Minneapolis Attorney General Walter Mondale and the Democratic Party Credentials Committee attempted to meet halfway with racists by arranging for the MFDP to get two powerless “at-large” seats amid an all-white Dixiecrat wing. Freedom party workers were expecting such a maneuver before they had even left Mississippi, and were already hostile to the prospect.
"We had a meeting in Jackson, Mississippi, and the people told us that when we left there on them two buses headed to Atlantic City ... that if we didn't get half of those seats ... just tell them to keep them all and come on back home, Blackwell said.
"Betrayal" From Above
Blackwell, Fannie Lou Hamer and other members of MFDP’s Delta delegation were surprised that notable Black leaders, including Martin Luther King Jr., NAACP head Roy Wilkins and SCLC director Andrew Young pressed for them to accept the compromise. They promised extraordinary measures from Johnson if he won the White House without MFDP interference, but members balked.
Mississippi branch NAACP head Aaron Henry and white Mississippi activist and Delta Ministry Founder Rev. Ed King were promised the two seats, but sided with Blackwell, Hamer and the rest of the Mississippi delegation against the compromise.
Blackwell said she personally considered the compromise “throwing some scraps out to the dogs.”
"They came to (our hotel) door, told us what it was, and gave it to us, and we said 'nope! That hotel was jumping that night," she said.
Regardless of whether the MFDP accepted the compromise the segregated state delegation appeared damaged.
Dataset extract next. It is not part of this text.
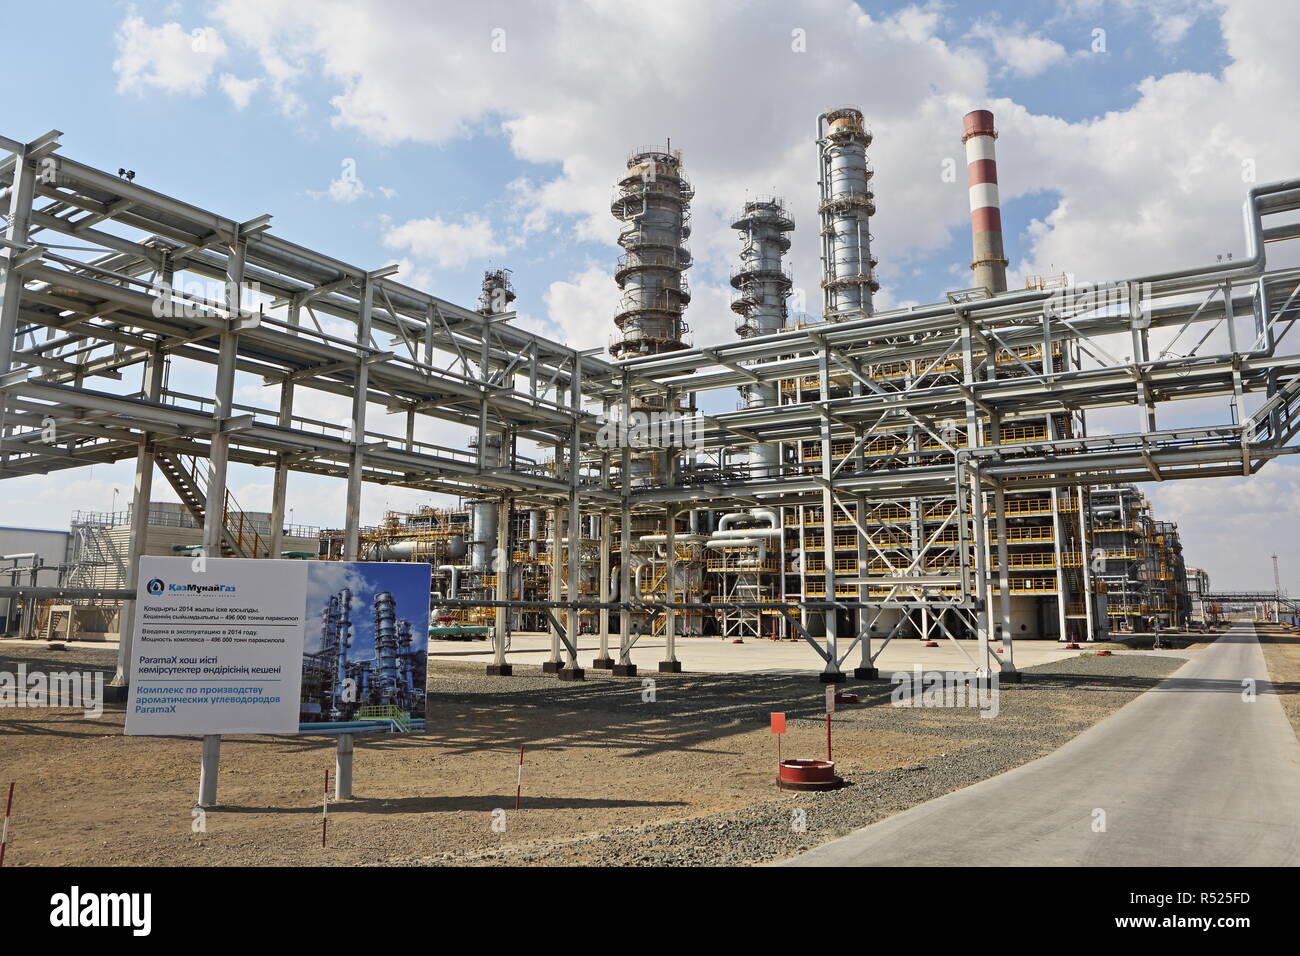 La nouvelle unité pétrochimique ParamaX KazMunaiGaz à 110 000 b/j de la raffinerie d'Atyrau au Kazakhstan a permis à des carburants propres de la production, production petrochem Banque D'Images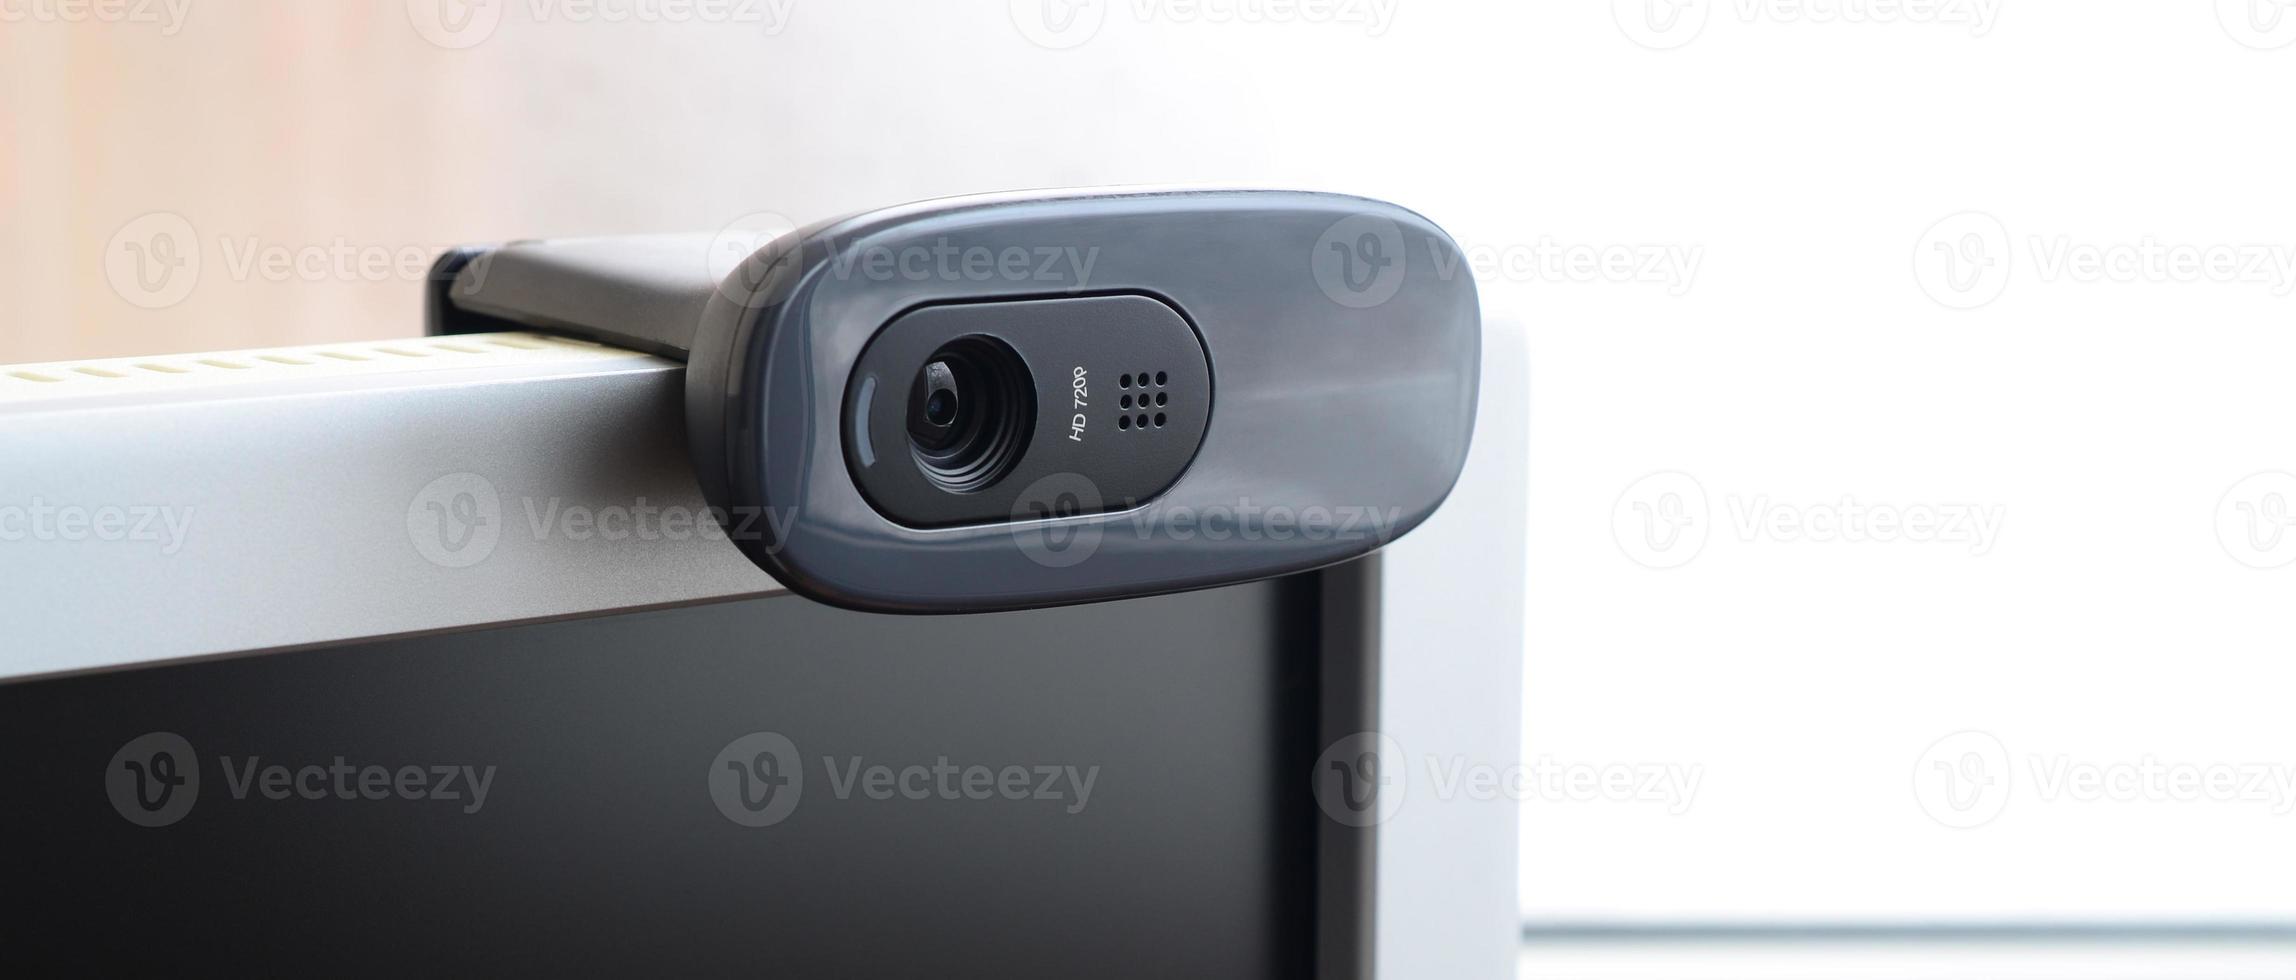 Eine moderne Webcam ist auf dem Gehäuse eines Flachbildschirms installiert. Gerät für Videokommunikation und Aufzeichnung von Videos in hoher Qualität foto

Forced to confront their rank racism before party peers from more civilized states, white Mississippi delegates appeared to lose their taste for participation, and left many of their seats unoccupied the following day. Some members of the MFDP moved up and took their abandoned spots. It was a sign of things to come for the Democratic Party.
Dixiecrat separatists leapt from the sudden spotlight upon their racism. They abandoned the Democratic Party that year, with white Mississippi voters overwhelmingly choosing Republican presidential candidate Barry Goldwater in November. Gov. Paul Johnson did not endorse the Democratic Party's candidate that year, despite being a Democrat himself. Goldwater instead appealed to white Mississippi when he voted against the Civil Rights Act of 1964, which outlawed poll taxes and businesses refusing customer service based on race. Overt segregation was slipping out of fashion nationally, however, and Goldwater went on to lose the general election that year.
The media bonanza of speeches and arguments at the Atlantic City convention triggered Party restructuring at the national level, which made it more inclusive of race and gender. When Democratic administrations succeeded in passing the Civil Rights Act of 1964 and the Voting Rights Act of 1965, Mississippi Dixiecrats fled to the Republican Party in earnest, following GOP calls to limit federal desegregation efforts. Racist philanderers like U.S. Sen. Strom Thurmond (who championed segregation while impregnating underage Black maids) blazed the trail to the GOP.
The flight of racists continued throughout the next four decades. As of 2023, race largely determines party membership in Mississippi, with most African Americans voting Democratic and the Republican Party being a homogeneous party of white voters.